Станешь ты московскою, и всё забудешь вскоре,
Но не слушай разговоры ты людей о горе!
Не тоскует Катерина, слёзы вытирает.
А девчата у калины без неё гуляют.
Не тоскует Катерина, слезы, как рекой.
В полночь вёдра наполняет в роднике водой.
До криницы незаметно проскользнёт она,
И про Гриця под калиной песнь споёт одна.
Складно песню распевает, аж калина плачет.
Возвратившись, рада Катя, ловко слёзы прячет.
Не тоскует Катерина, в мыслях ей светло,
Только в новеньком платочке смотрит всё в окно.
Пролетело так полгода, Катя всё глядит,
Защемило возле сердца, и в боку болит.
Заболела Катерина, дышит еле-еле,
А пришла она в себя - с ней дитя в постели.
Бабы в злобе маются - мать её бичуют:
- Москали те возвращаясь, у неё ночуют.
Чернобровая твоя дочка - грешная душа.
В доме там за печкою холит малыша.
Чернобрового родила, ты, знать, научила!
- К чёрту, бабы-цокотухи, чтоб вас угодило,
Как ту матерь, что всем на смех сына народила.
Катерина, сердце наше, горюшко с тобою!
И куда тебе податься с малой сиротою?
Как без милого на свете? Где тебе ютиться?
Мать с отцом - чужие люди, с ними не ужиться!
Хворь прошла, и у окна села Катерина.
Всё глядит на улицу и качает сына.
Смотрит: нету, нету, может и не будет.
В садик вышла бы поплакать, но глазеют люди.
Солнце сядет, Катерина в садике босая
Носит сына на руках, взгляд вокруг бросая.
- Здесь со службы ожидала, здесь с ним проходила,
Ну а там, а там сыночек, - не договорила.

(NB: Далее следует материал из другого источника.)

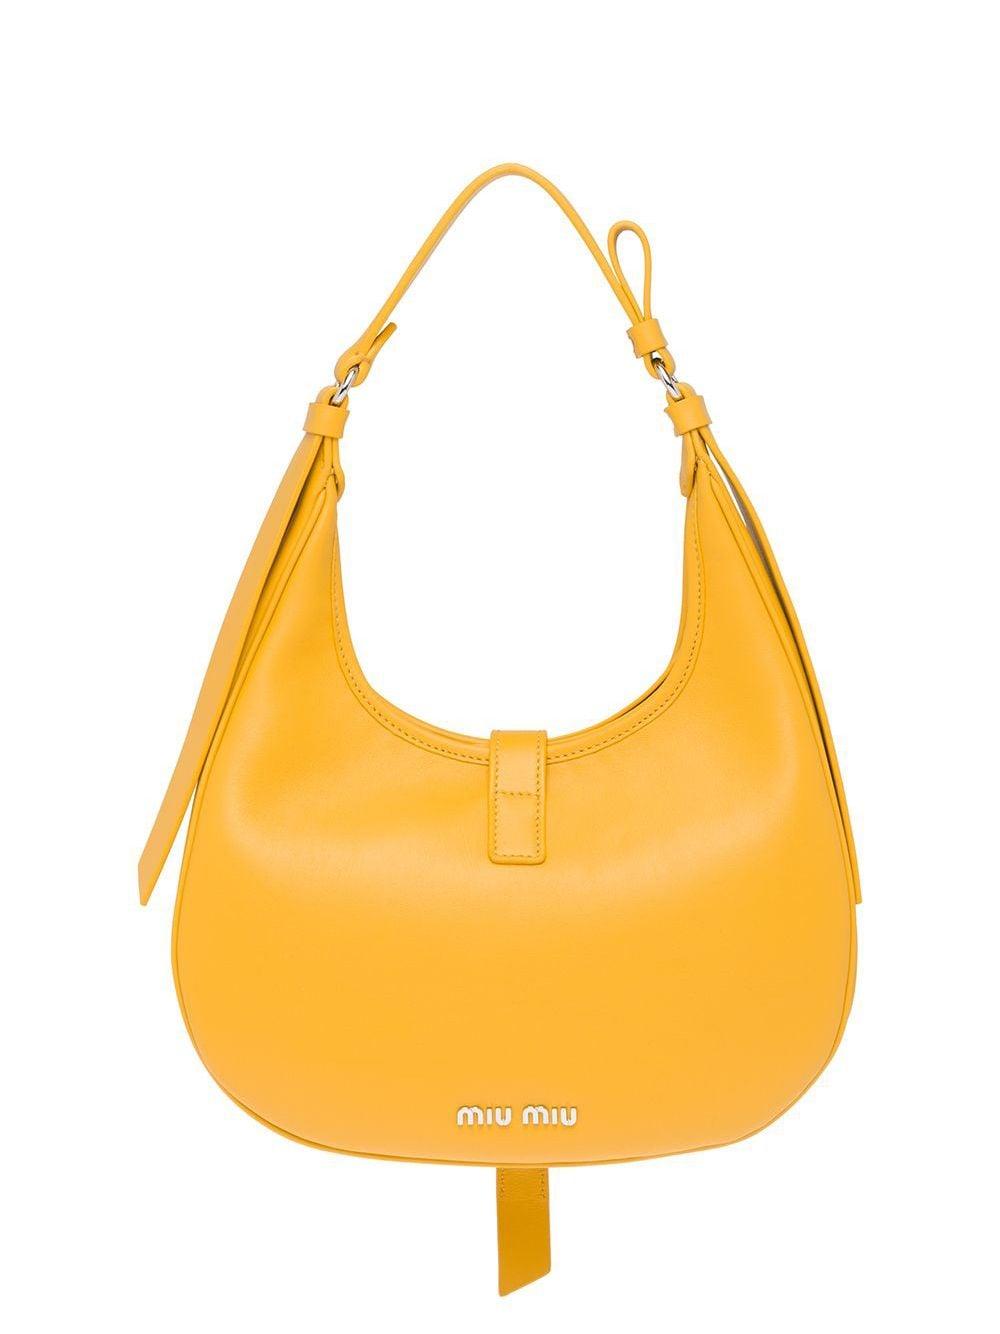 Miu Miu Leather Hobo Bag in Yellow - Save 29% - Lyst

А черешня зеленеет, рядом с нею - вишни.
Катя в садик приходила, как и раньше, вышла.
Вышло, что уж не поёт так, как пела прежде,
Ожидая москаля, думая с надеждой.
Черноброва не поёт, проклиная долю.
А, тем часом, бабоньки с гадким взглядом кроют,
Шлют слова недобрые. Как им отплатить?
Был бы милый чернобровый, смог остановить!
Рядом был бы чернобровый, было бы иначе,
Он не знает, что смеются, что Катюша плачет.
Может сгинул за Дунаем, кто об этом знает?
Может девушку другую он сейчас ласкает?
Нет, чернявый не убит, он живой, здоровый!
Где ж найдёт такие очи, чёрные те брови?
Нет, нигде нет Катерины - ни за синем морем,
Ни в краю далёком, нету - полонило горе!
Мать сумела брови дать ей с карими глазами.
Не сумела дать ей счастья, слёзы льёт ручьями.
А без счастья Катерина, как цветочек в поле -
Солнце жжёт, колышет ветер - их подвластен воле.
Катерина проливает слёзы у порога.
Не вернулся её милый, шёл другой дорогой.

2
За столом сидит отец, на край голову склонил,
Не глядит на Божий свет, и рукой глаза прикрыл.
Рядом с ним и мать-старуха на скамью присела,
Со слезами еле - еле дочери запела:
- Что со свадьбой, дочь моя, где же твоя пара?
Где свидетели-дружки, старосты, бояре?
Доченька, в Московщине! Туда иди искать
И не вздумай добрым людям говорить про мать.
Проклинаю день и час, когда породила,
Если б знала, кто твой милый, может, утопила.
Дочка, доченька моя, мой цветочек ясный,
Полюбила москаля, стала ты несчастной!
Птичка, ягодка моя, я тебя любила,
Дочка, горюшко моё, что ты натворила?
Вот иди теперь в Москву, разыщи свою свекровь,
Слушать мать ты не хотела, ну а ей не прекословь.
Дочь, иди, найди её, милой быть старайся,
Будь счастливой у чужих, к нам не возвращайся,
Не вернётся, дочь моя, из чужого края!
Кто схоронит без тебя, надо мной вздыхая?
Кто поплачет, как не дочь, коль со света сгину,
Кто посадит на могиле красную калину?
Кто помянет без тебя душу грешную мою?
Дочка, доченька родная, я тебя люблю!
Ты иди от нас, иди, - и благословила.
- Бог с тобою! - и упала, лоб об пол разбила.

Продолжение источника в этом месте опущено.